Installée depuis le 1er décembre dernier, la nouvelle Commission européenne peut désormais reprendre les grands dossiers que l’Union européenne doit traiter pour cette mandature 2024-2029. Si Ursula von der Leyen n’a pas connu de réelle difficulté pour rester à la tête de la Commission pour un second mandat, le contexte politique et les défis sont bien différents d’il y a cinq ans. Alors que les suppressions d’emplois se font de plus en plus nombreuses, et que l’augmentation du coût de la vie se fait ressentir partout en Europe, les enjeux sociaux seront cruciaux pour le mandat à venir.
Un nouveau centre de gravité à droite toute
Les débuts de cette nouvelle Commission ne sont pas un long fleuve tranquille. Alors qu’Ursula von der Leyen a été la candidature « naturelle » à sa succession, le Parlement européen n’a approuvé son collège de commissaires qu’à une majorité de 54%, soit la majorité la plus faible jamais enregistrée. Après des inquiétudes sur les orientations annoncées, faisant la part belle à la compétitivité et à la dérégulation, quelques signaux positifs ont été envoyés ces dernières semaines : le titre de la commissaire Roxana Minzatu a été complété, intégrant enfin les droits sociaux et les emplois de qualité, qui n’apparaissaient pas dans son titre initial centré sur les personnes et les compétences.

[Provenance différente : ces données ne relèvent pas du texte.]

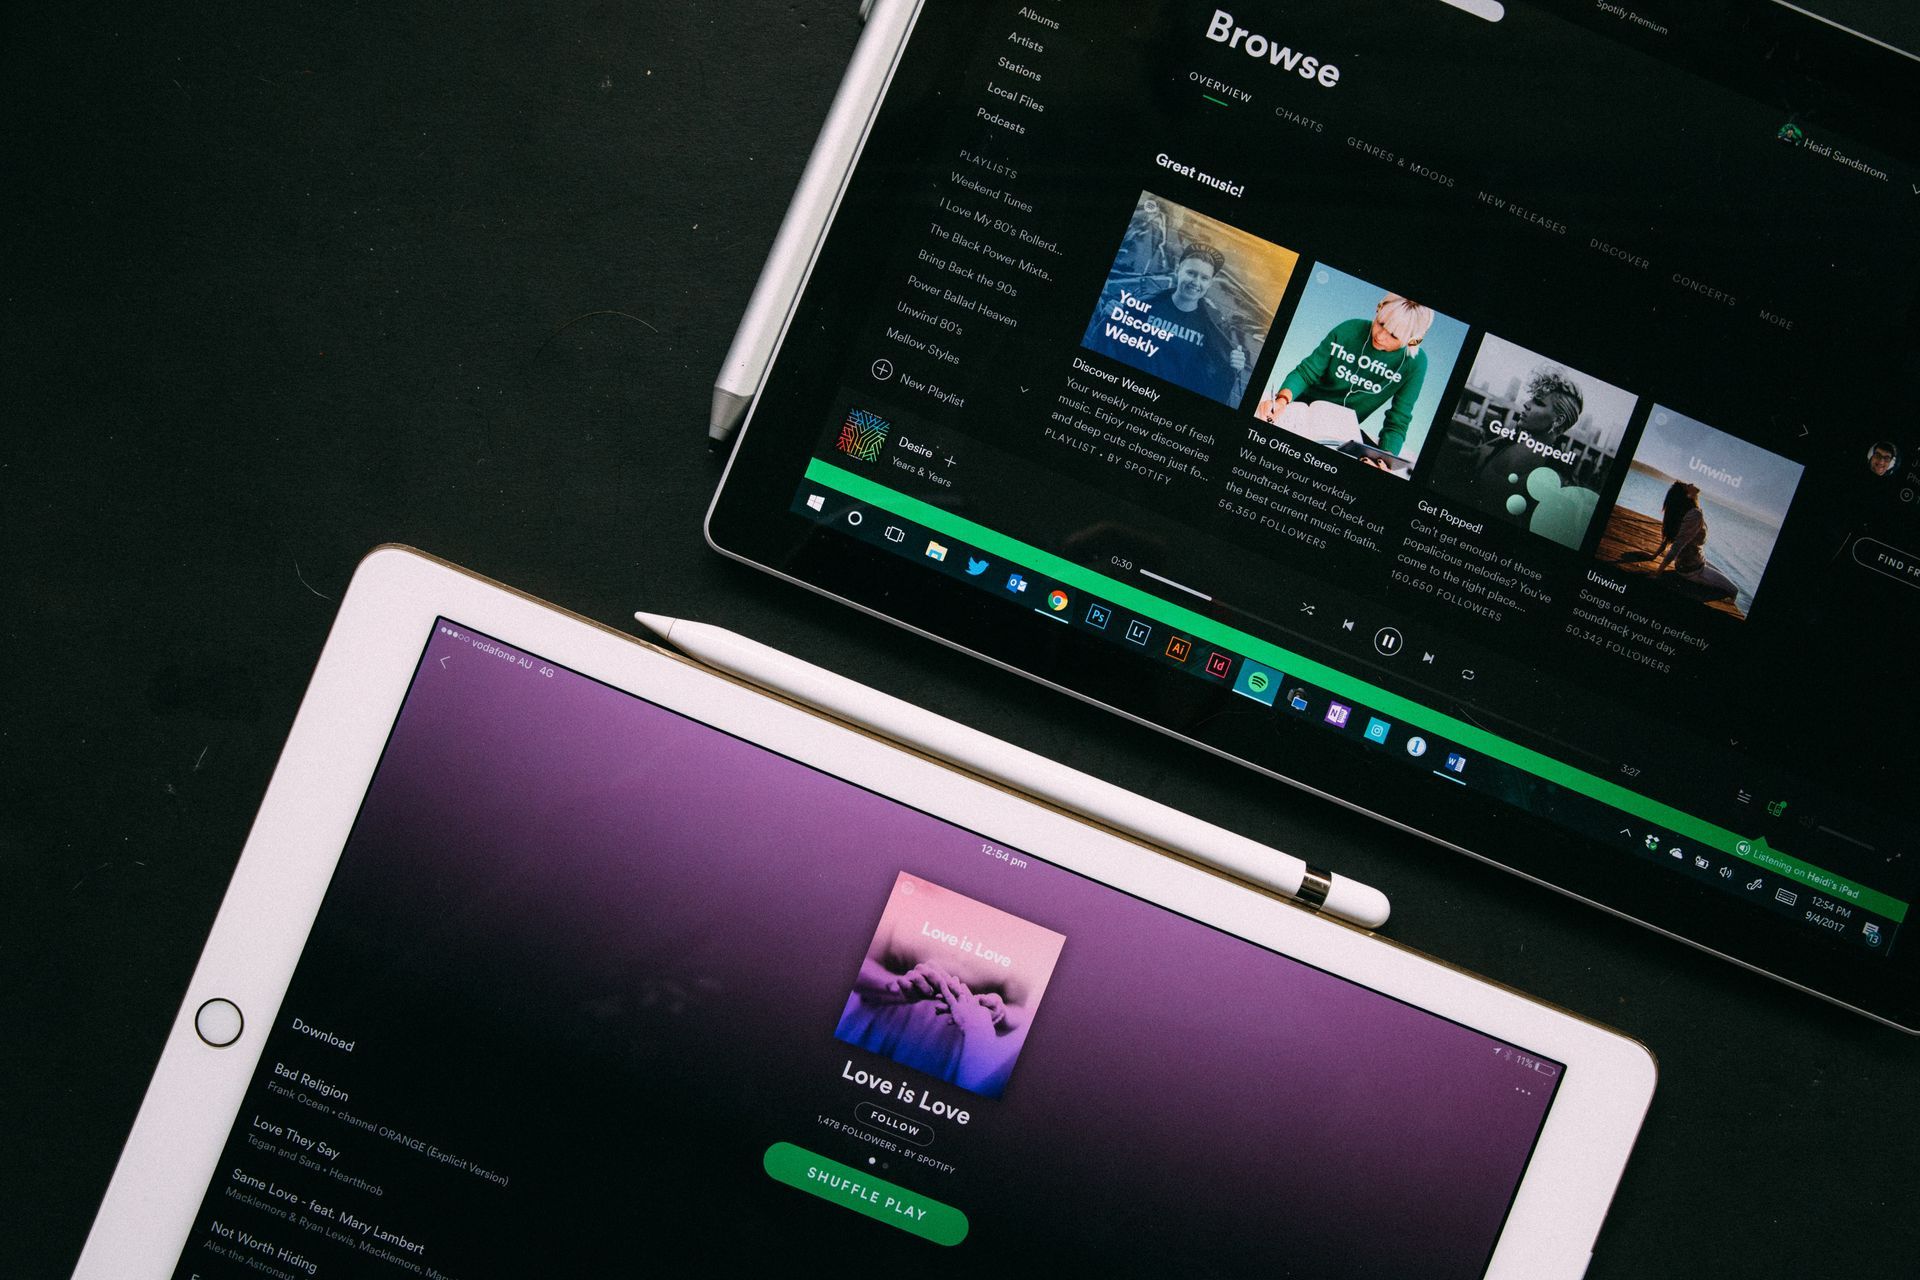 Discover Spotify's groundbreaking AI voice translation feature, bringing podcasts to global audiences in their own language. Explore now!

Dès l’été, la Commission avait annoncé vouloir avancer rapidement, dès le premier trimestre 2023, sur l’adoption d’un Pacte sur le dialogue social, faisant suite notamment au sommet social de Val Duchesse début 2024. Ce document devrait être le premier acte d’une série de mesures, dont les contours restent à préciser.
Des priorités qui manquent encore de concret
En effet, « la boussole pour la compétitivité » – annoncée comme un plan d’action s’appuyant sur les recommandations du rapport Draghi – devrait être détaillée fin janvier. Déjà, 14 « groupes de projet » ont été annoncés au début du mois de janvier pour travailler sur les priorités transversales, dont un groupe dédié aux compétences, aux emplois et aux droits sociaux. Dans ce cadre, une feuille de route pour des emplois de qualité devrait être élaborée en lien avec les partenaires sociaux. Cependant, pour le moment, aucune annonce n’a été faite sur des initiatives législatives contraignantes… alors que les annonces de détricotage des textes durement négociés lors du dernier mandat fleurissent.
Ainsi, le reporting prévu par la CSRD ou le devoir de vigilance des multinationales pourraient bien prendre du plomb dans l’aile dès les annonces d’une nouvelle directive « Omnibus » fin février, sacrifiés sur l’autel de la compétitivité, qui ne semble pas pouvoir s’envisager autrement que par une dérégulation qui peine à dire son nom.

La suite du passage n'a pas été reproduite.